What needs to be done: For this exercise, retype each line of the material below verbatim and omit any picture.

Available data:

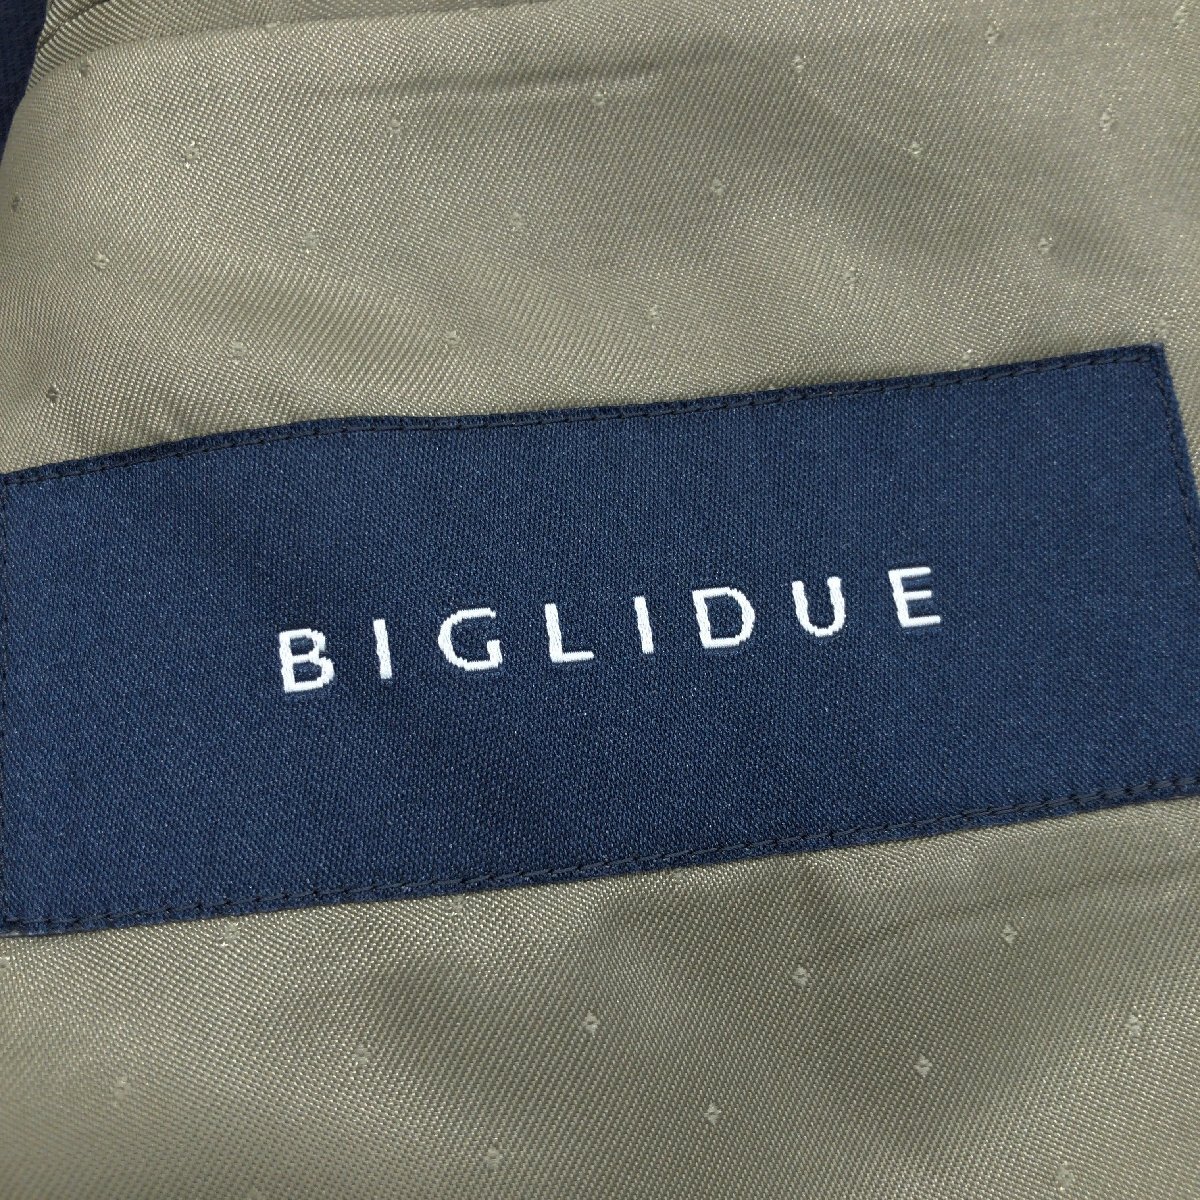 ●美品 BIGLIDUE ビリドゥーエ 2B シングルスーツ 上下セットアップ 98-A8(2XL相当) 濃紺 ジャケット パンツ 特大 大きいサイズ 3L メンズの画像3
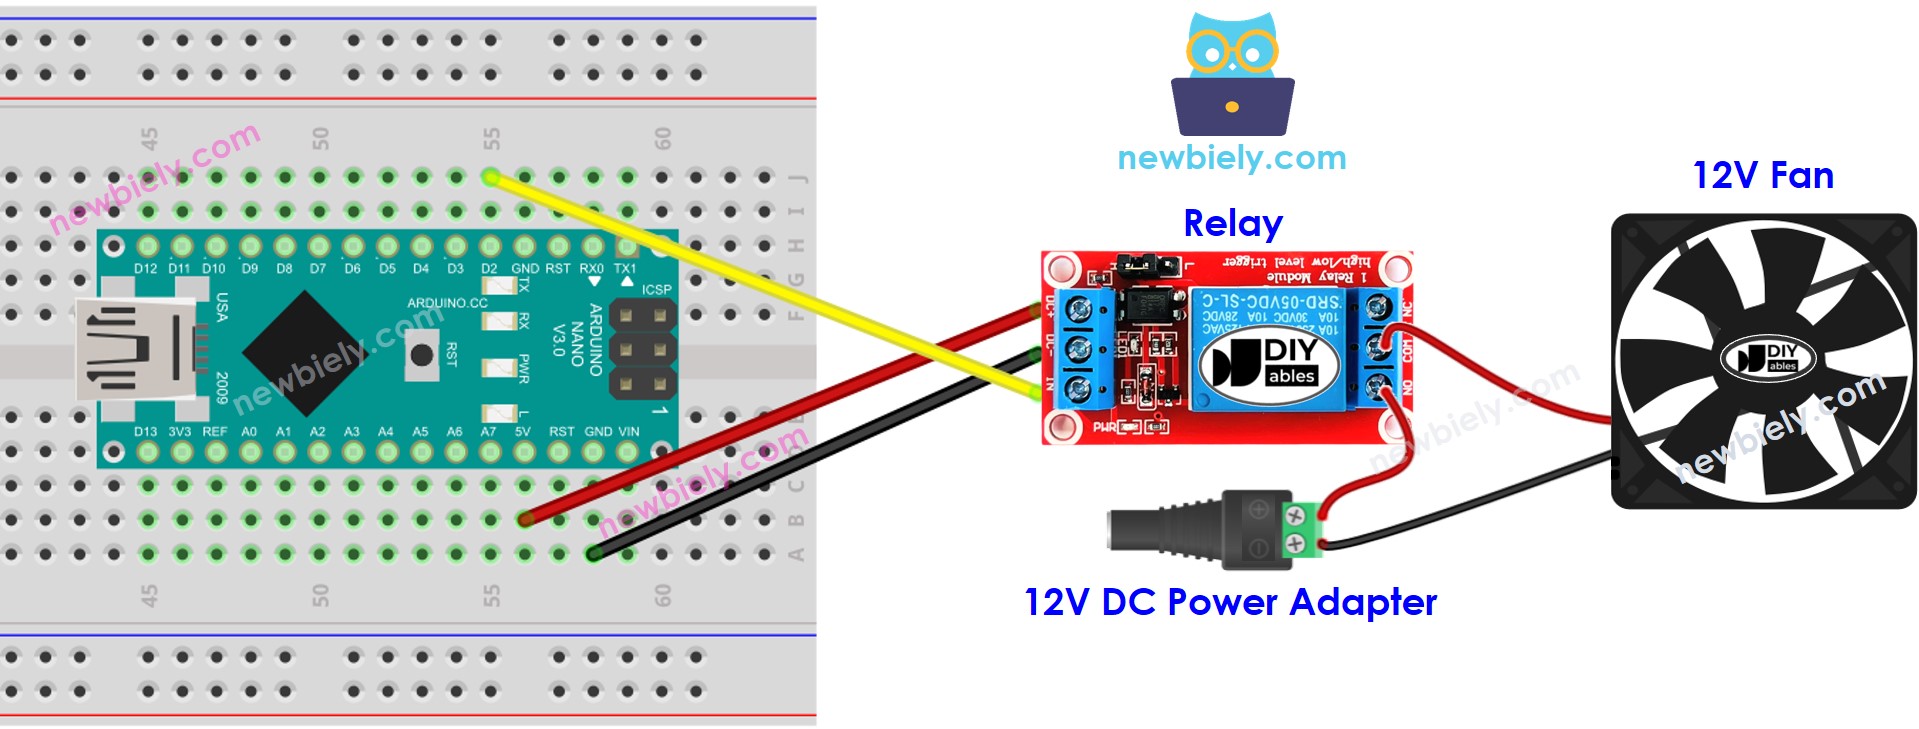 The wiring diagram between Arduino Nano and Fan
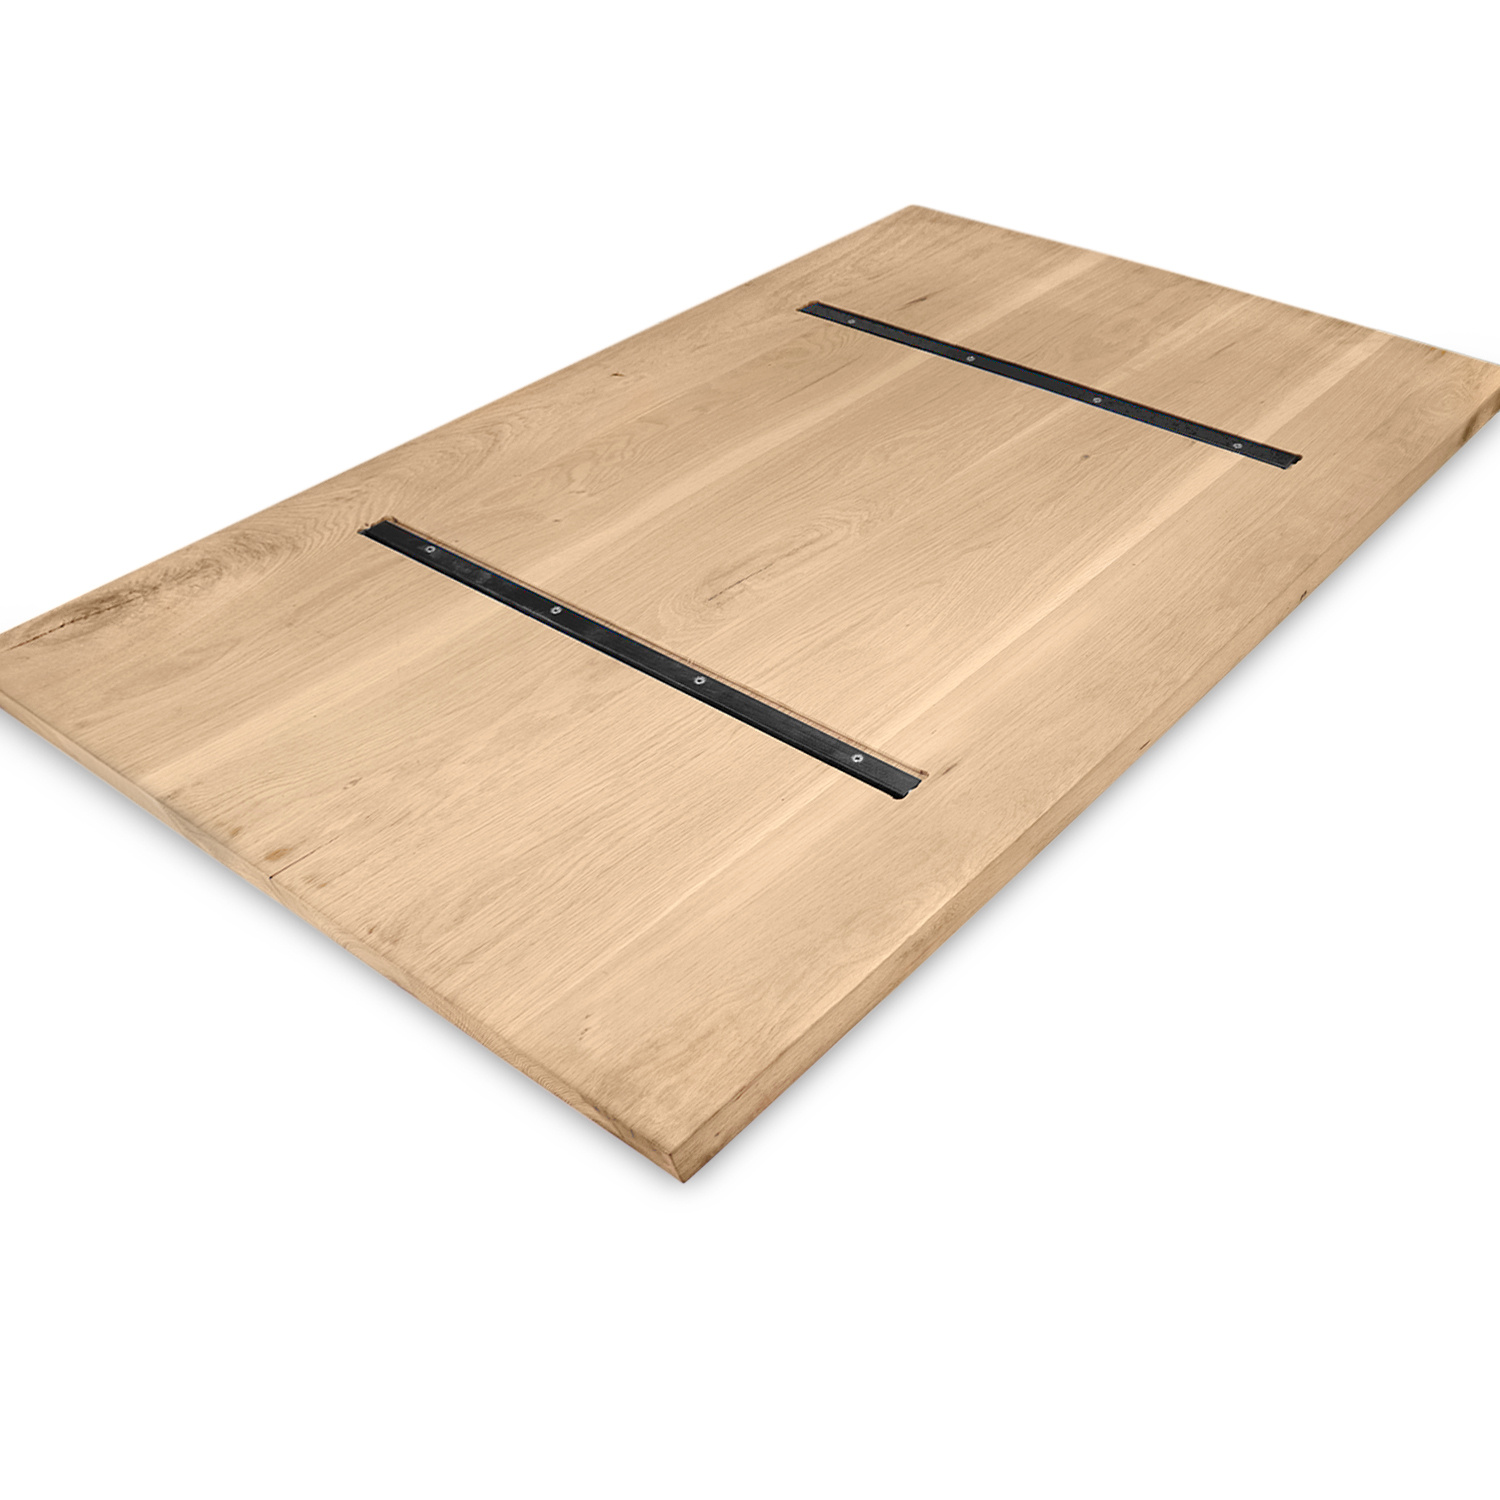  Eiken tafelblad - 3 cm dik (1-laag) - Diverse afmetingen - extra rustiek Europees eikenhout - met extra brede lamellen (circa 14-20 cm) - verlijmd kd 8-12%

Written answer:
 ●美品 BIGLIDUE ビリドゥーエ 2B シングルスーツ 上下セットアップ 98-A8(2XL相当) 濃紺 ジャケット パンツ 特大 大きいサイズ 3L メンズの画像3
 The wiring diagram between Arduino Nano and Fan
  Eiken tafelblad - 3 cm dik (1-laag) - Diverse afmetingen - extra rustiek Europees eikenhout - met extra brede lamellen (circa 14-20 cm) - verlijmd kd 8-12%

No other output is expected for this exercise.